Cherryh Carolyn Janice - Przybysz 04 Prekursor.rtf

(2515 KB) Pobierz
Prekursor

               

               

 

 

 

 

 

 

 

 

 

C. J. Cherryh

               

              Prekursor

               

              (Precursor)

              Przekład Agnieszka Sylwanowicz

              Data wydania oryginalnego 1999

              Data wydania polskiego 2001

 


 

              1

              Stojący w pogotowiu odrzutowiec pełnił teraz role samolotu pasażerskiego; przewoził bagaż jedynie paidhiego oraz dyplomatów podróżujących za jego aprobatą.

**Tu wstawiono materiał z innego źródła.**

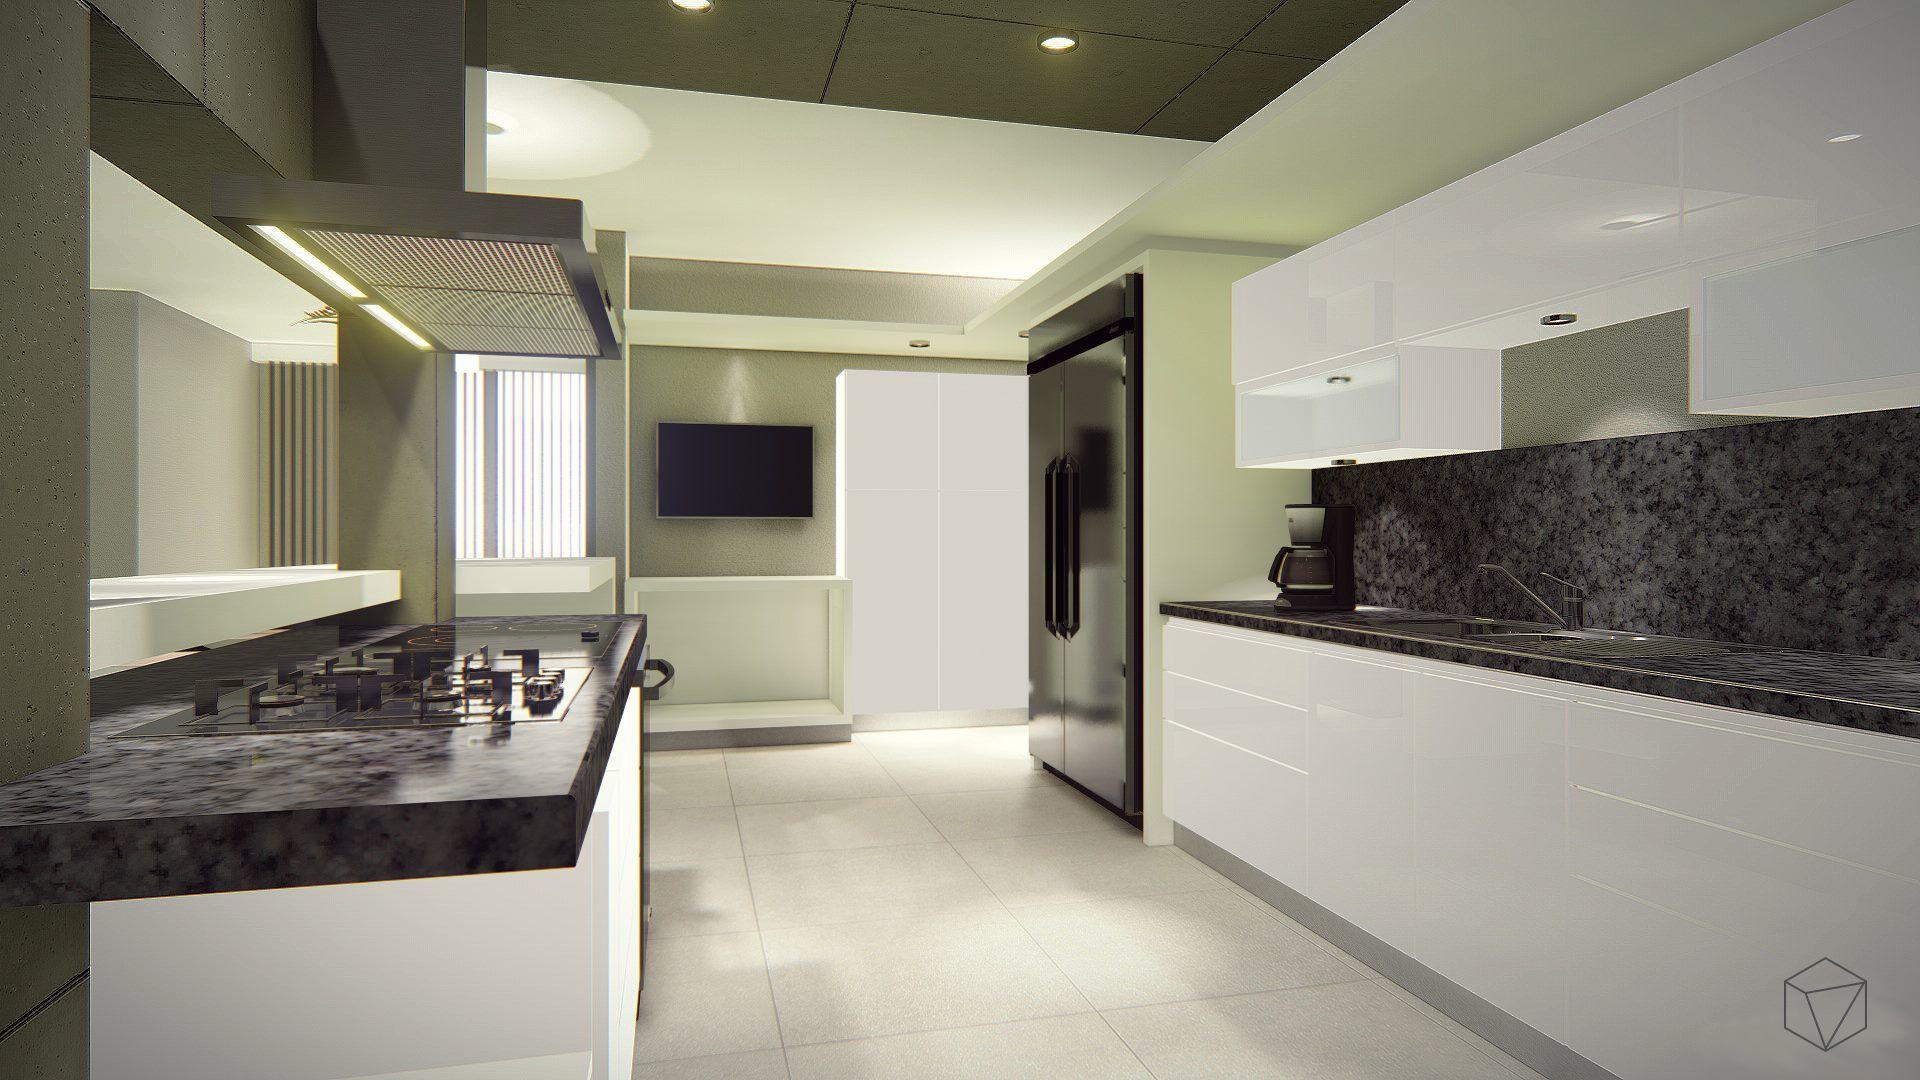 Diseño de Interior: Cocina. #arquitectura #diseño #decoración ...

              Co więcej, od czasu pewnego niepomyślnego przelotu przed trzema laty samolot nosił barwy - pieczęć rodu oraz osobistą pieczęć Tabini-aijiego, które stanowiły informacje dla każdego małego samolotu, że - niech diabli osobiste liczby pilota - odrzutowiec paidhiego ma absolutne pierwszeństwo.

              Status dyplomatyczny na wyspiarskiej enklawie Mospheiry nie oznaczał jednak luksusowej poczekalni. Nie oznaczał nawet dostępu do publicznego terminalu obsługującego ruch na wyspie, po którym kręciły się mniej lub bardziej szczęśliwe rodziny w drodze na wakacje. Nie, pasażerowie o statusie dyplomatycznym wsiadali do samolotu w porcie towarowym. Ten odosobniony, łatwy do obrony teren bardziej się podobał ochronie. Departament Stanu dysponował bardzo niewielkim budżetem, ale jako drobne ustępstwo na rzecz pozorów kazał rozłożyć na nagim betonie czerwony dywan.

              Bren wolał to odosobnienie, z dywanem czy bez niego. Przed jakimiś pięcioma minutami ochrona poinformowała go, że misja z Mospheiry jest już na pokładzie... nie czekali długo, siedząc bezpiecznie w samolocie, z załadowanym bagażem.

              Bren miał ze sobą tylko własny komputer, urządzenie zawierające informacje, dla zdobycia których pewne ugrupowania mogłyby posunąć się do zabójstwa. Żegnając się, postawił go na ziemi. Odosobnienie mogło oznaczać rodzinne pożegnania w obskurnym, nagim magazynie, za to można było je odbyć na osobności: matczyne łzy i braterskie uściski po krótkiej wizycie z okazji Dnia Niepodległości, nie mającej nic wspólnego z rodzinnymi zobowiązaniami, a będącej raczej czterodniowym ciągiem oficjalnych spotkań, zakończonym noclegiem u matki na dzień przed świętem.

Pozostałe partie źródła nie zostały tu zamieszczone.